From the moment England scored until Argentina went up 2-1 in the second minute of stoppage time, England had, and I triple-checked this, only 12 percent possession. That is a recipe for disaster no matter the teams involved, but giving Argentina that many chances at an equalizer was only going to doom England. And doom them it did. In the 85th minute, Enzo Fernández ripped what felt like his 10th great shot of the game from outside the box (it was actually, by my count, his third) and forced Jordan Pickford into a fingertip save. On the ensuing corner, Messi drew enough of England's defenders to him to open up space in the middle, and a precise pass allowed Fernández to, finally, score one of those shots, a beautiful long-ranger that just curved away from Pickford's out-stretched hands:

This is the problem with giving a team like Argentina so much time and space on the ball around the box. Even not taking Messi into account, the Albiceleste has too many players who are comfortable both delivering crosses and ripping shots off. It took some patience, but Argentina's chances eventually started flooding in even before Fernández's equalizer. Alexis Mac Allister kept getting his head onto crosses despite his 5-foot-9 stature, Rodrigo De Paul put pressure on the right wing with incisive passes and a cross of his own, and in general Argentina was getting exactly what it wanted in the box. It took a moment of true talent to equalize, but it felt like it was always coming.

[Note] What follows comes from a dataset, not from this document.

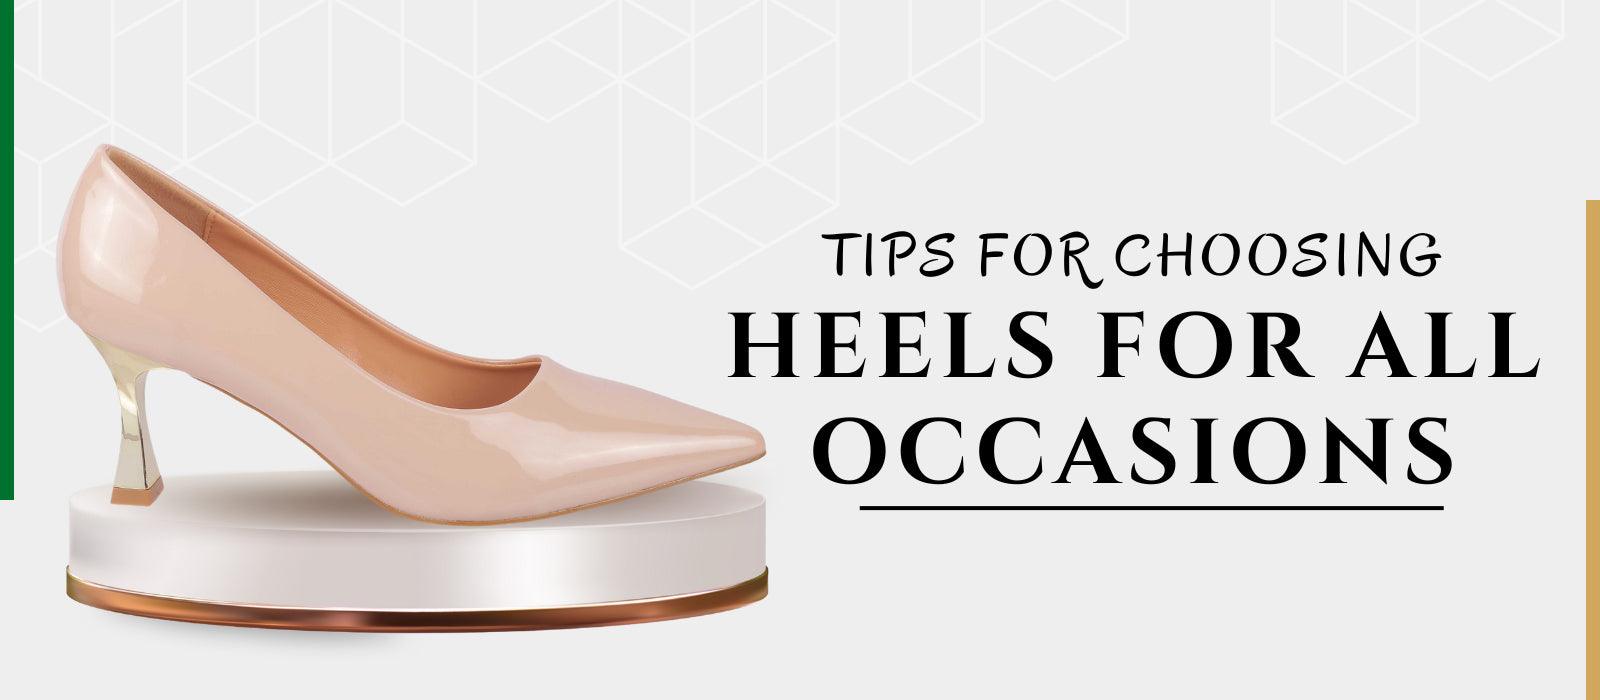 How to choose heels? – A guide to picking perfect heels! - Tresmode

That was also true of the eventual winner. With England playing about eight defensive players, there was no real threat of a counter-attack, so Argentina—itself bringing on an inordinate number of attackers as it hunted for late goals—could keep besieging the English box in hopes of winning it before going to extra time for a third time in four knockout matches. After Mac Allister hit the post from a zinger of a shot in 92nd minute, the ball eventually came back out to Messi on the right wing. The legendary left-footed magician did something he rarely does: He created something beautiful with his right. You can blame England's defense for somehow losing Lautaro Martínez in the box, but Messi put the corner directly on the Inter Milan man's head, the easiest World Cup semifinal-winning goal he could've imagined:

Now down 2-1 with an entire battalion of defenders on the field, Tuchel tried to reverse course by subbing on Marcus Rashford and Ivan Toney, but Argentina was sturdy and decisive in its clearances as the clock rolled past the nine minutes allotted for stoppage time and into the 100th minute. Eventually, with exuberance for Argentina and devastation for England, the final whistle blew. Argentina 2, England 1, and it all feels a bit preposterous to think about.

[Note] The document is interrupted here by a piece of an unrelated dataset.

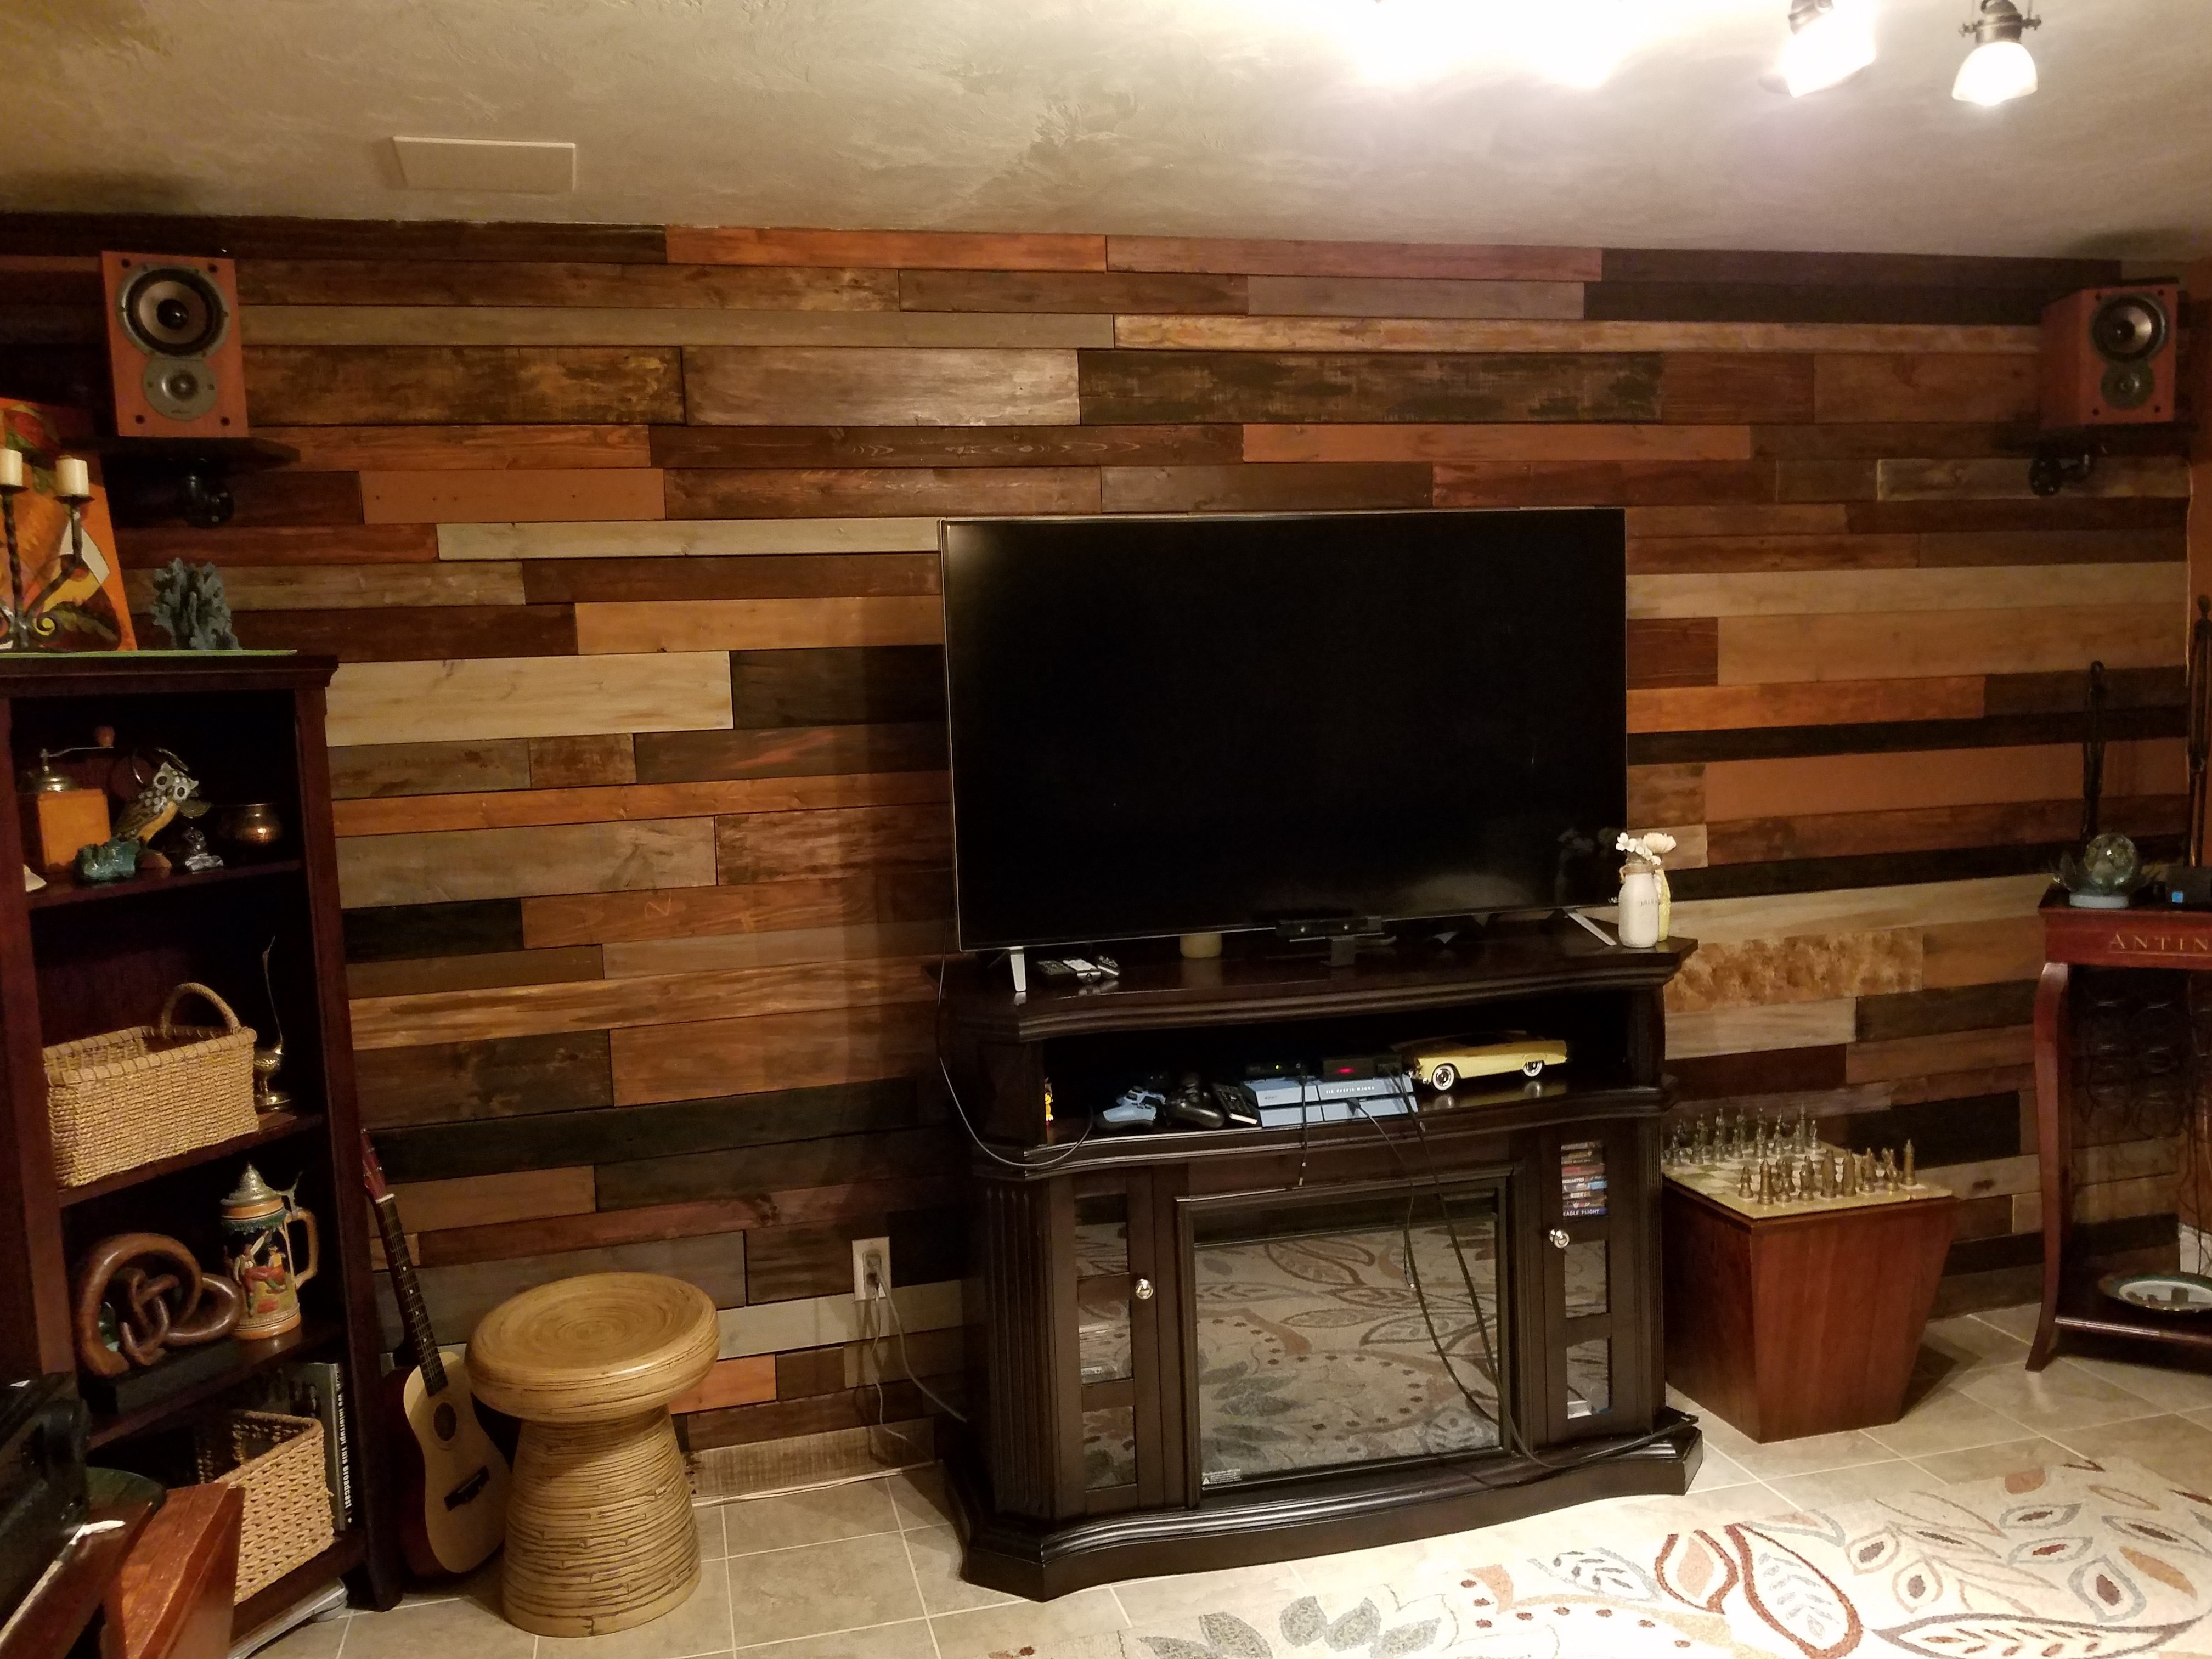 Reclaimed Wood Bar And Pallet Wall Basement Renovation Ryobi Nation Projects

This wasn't the Messi show one might have expected, but he was the catalyst for both goals, converted by two of his more renowned and reliable teammates. England will be in shambles (MATE) for giving up this golden chance to reach its second-ever World Cup final, but this was as much of a self-inflicted collapse as one will ever see. Tuchel trusted that his defense could replicate the Mexico stand, but he perhaps failed to account for the one man everyone always needs to remember. It had to be Messi who created the goals, because he is the ultimate weapon against a team that tries to defend a meager lead for as long as England did. And now, awaiting in the final, is Spain and its incredible possession game and its nearly flawless defense. A loss there would hurt, of course, but as England, Switzerland, Egypt, and Cape Verde learned on the way, Argentina will never accept defeat until the final whistle is blown. Given how this tournament has done, Argentina might not have to accept defeat at all. The team that just won't die only has to survive one more game.